Журналист еле сдерживался от желания оборвать полицейского. Вот подлец! Бравирует тем, что держал в темнице его же, Бразуля, товарища по борьбе. Хотя негодование пристава понятно. Он привык плевать на закон, и прокуроры только укрепляли полицию в мысли о полной безнаказанности, когда произвол касался борцов против самодержавия. Но стоило приставу не угодить начальству, как ему сразу прищемили хвост, использовав даже такой предлог, как незакономерное содержание под стражей члена революционной партии. Прокурор судебной палаты мстит всем, кто пошел против ритуальной версии: Мищук в бегах, Красовский под судом.
В конце Костельной улицы показалась тюремная карета, за которой бежали Махалин и Караев. Вальяжный Махалин отстал, Караев же не отпускал карету дальше, чем на пять сажень.

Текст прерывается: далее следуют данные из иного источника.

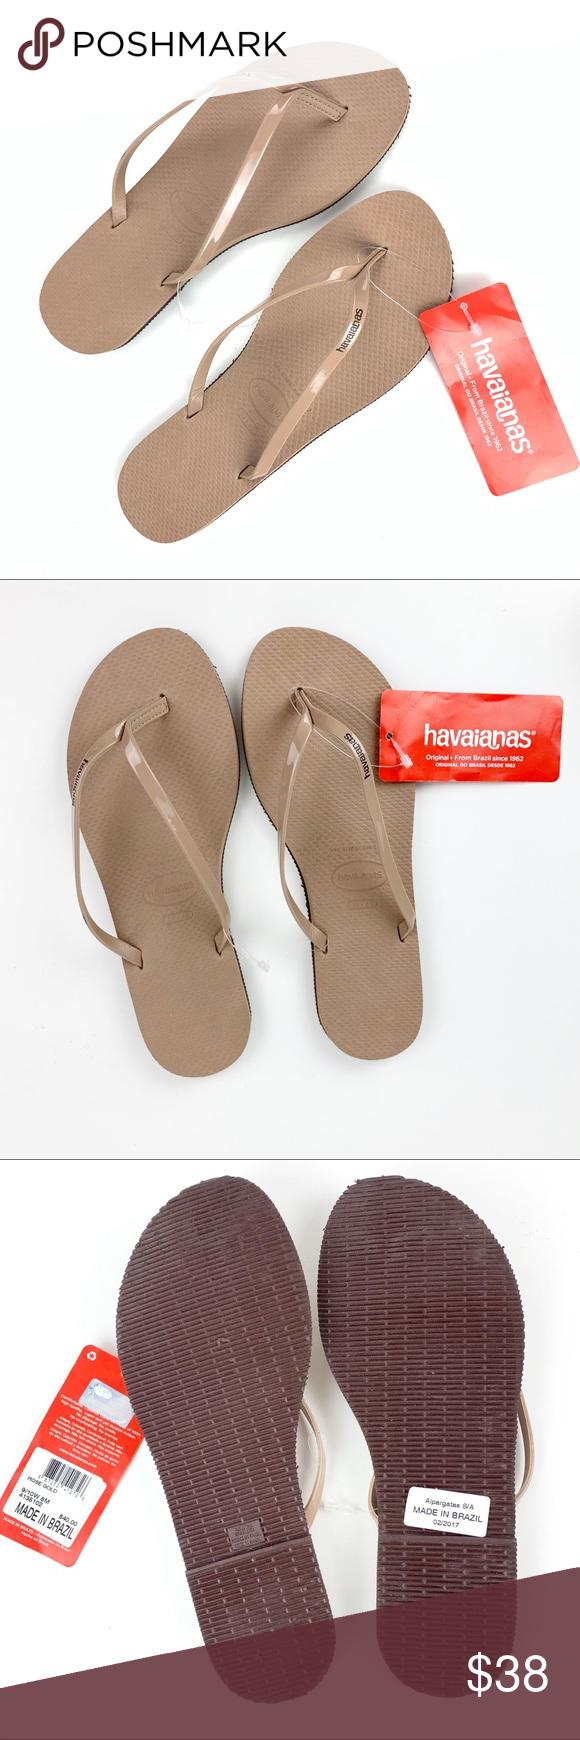 e76e4fbb06e NWT HAVAIANAS Rose Gold  Nude Flip Flip Sandals NWT Havaiana s Rose Gold  Flip flops.
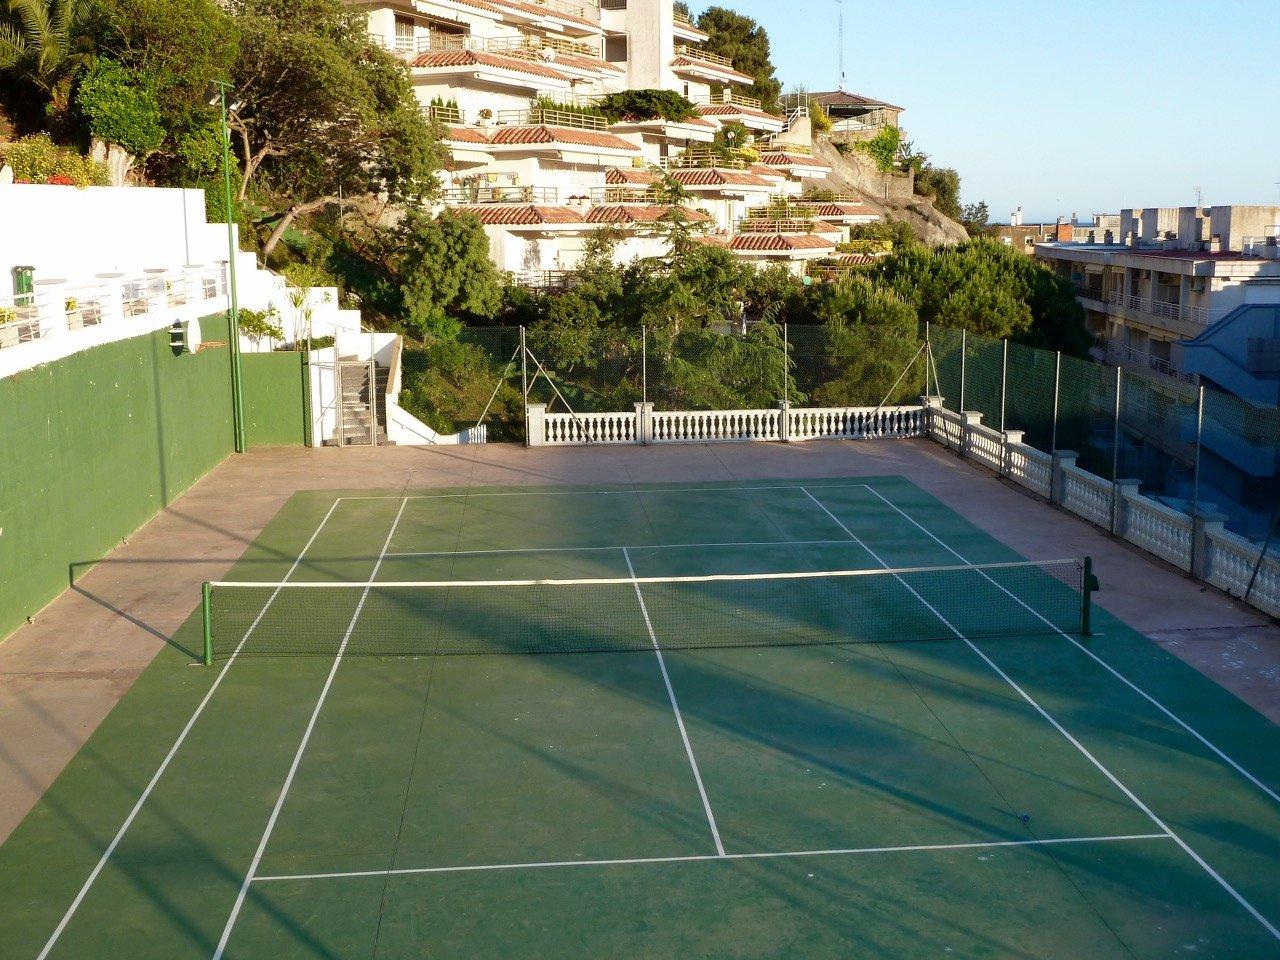 tennis-tourist-tossa-de-mar-spain-hotel-don-juan-tennis-court-view-teri-church

— Я спрячусь, чтобы Рудзинский меня не узнал, — предупредил пристав, — а вы ступайте к сортиру, но постарайтесь не лезть ему на глаза.
Репортер свернул к выбеленному сарайчику в конце сквера. Краем глаза он увидел, как зарешеченная дверка тюремной кареты открылась, из кареты выпрыгнул конвойный с винтовкой, потом арестант в пиджаке, затем еще один конвойный. Караев вышел из-за дерева, незаметно для конвойных показал арестанту ладонь с подвернутыми пальцами и вошел в сортир. Когда конвойные пересекали сквер, арестант внезапно схватился за живот.
— Ой, моченьки нет!
— Ты че, спятил? — прикрикнул конвойный. — Здесь чистая публика гуляет.
— Служивые, разрешите в сортир.
— Не положено!
— Не дойду, ей-ей, не дойду!
— Хрен с тобой, топай, только не вздумай фортикулы выкидывать, а то пристрелим, — предупредил старший конвойный.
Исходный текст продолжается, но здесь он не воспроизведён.